Data records: Begin

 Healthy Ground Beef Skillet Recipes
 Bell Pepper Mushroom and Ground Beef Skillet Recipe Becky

Data records: End
Data records: Begin

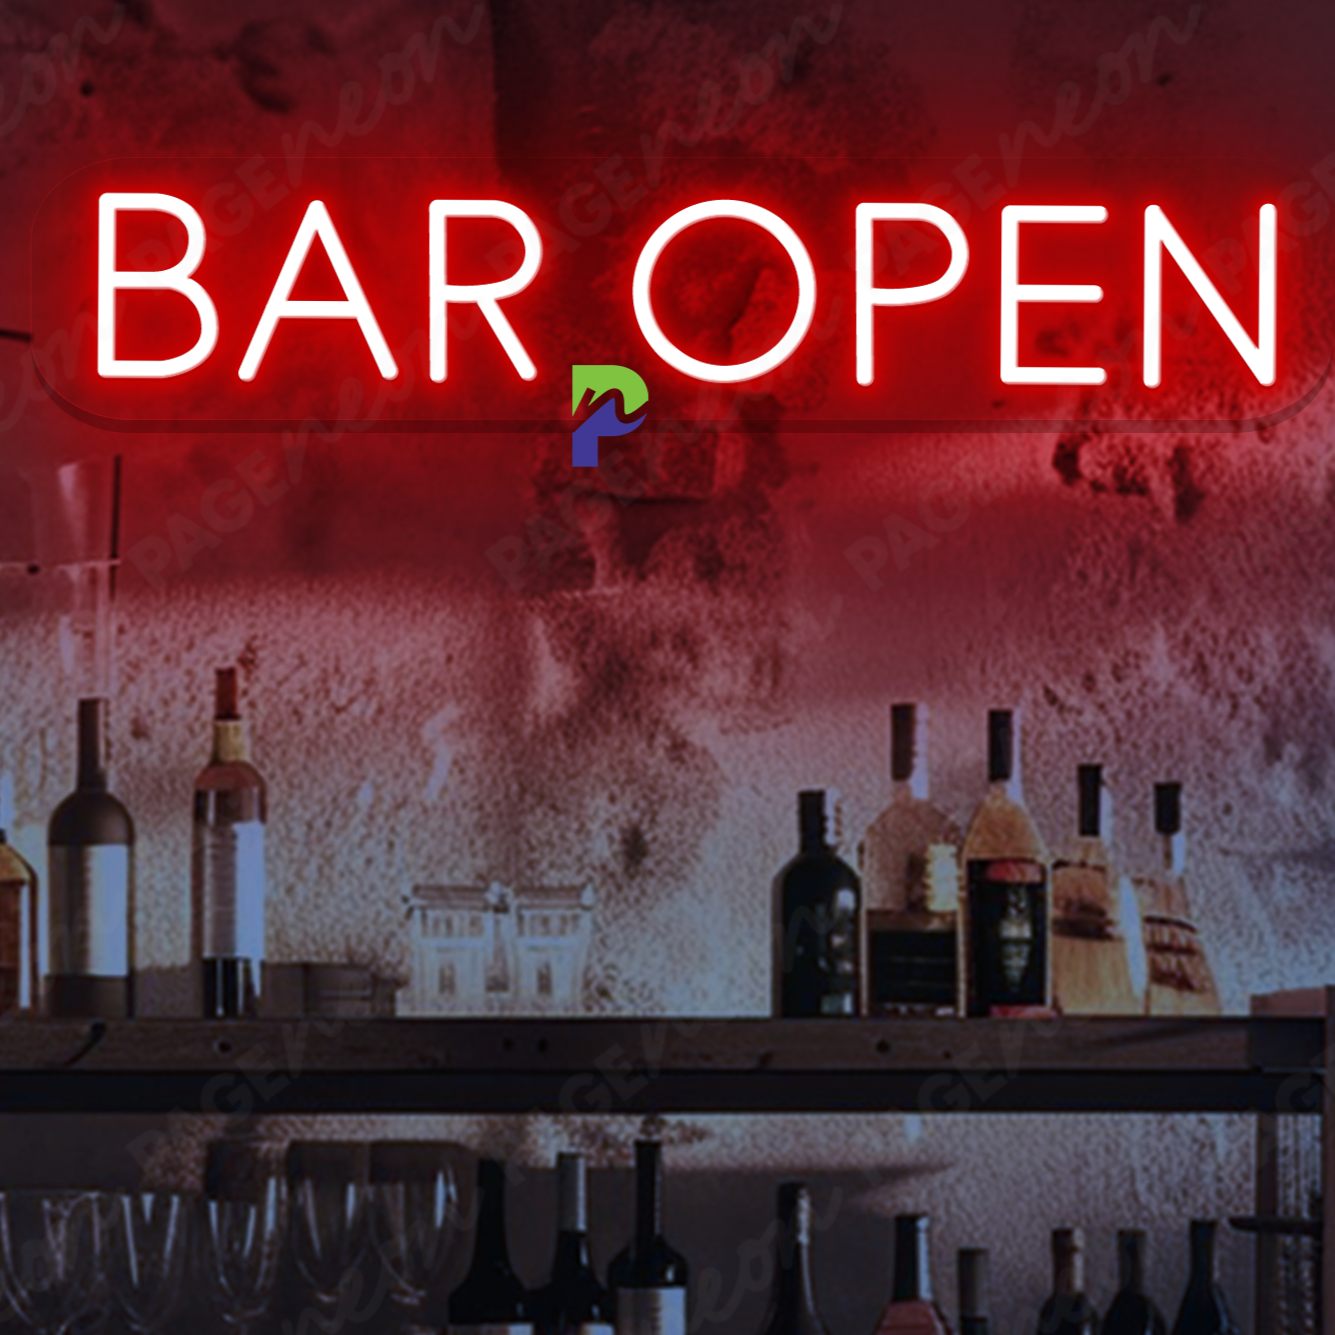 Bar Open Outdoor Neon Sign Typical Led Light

Data records: End

> [The problem]: Restate word for word the lines of the data above, starting at the line containing "Healthy Ground Beef Skillet Recipes" and ending at the line containing "Bell Pepper Mushroom", both included, and nothing more.

> [Result of the task]:
 Healthy Ground Beef Skillet Recipes
 Bell Pepper Mushroom and Ground Beef Skillet Recipe Becky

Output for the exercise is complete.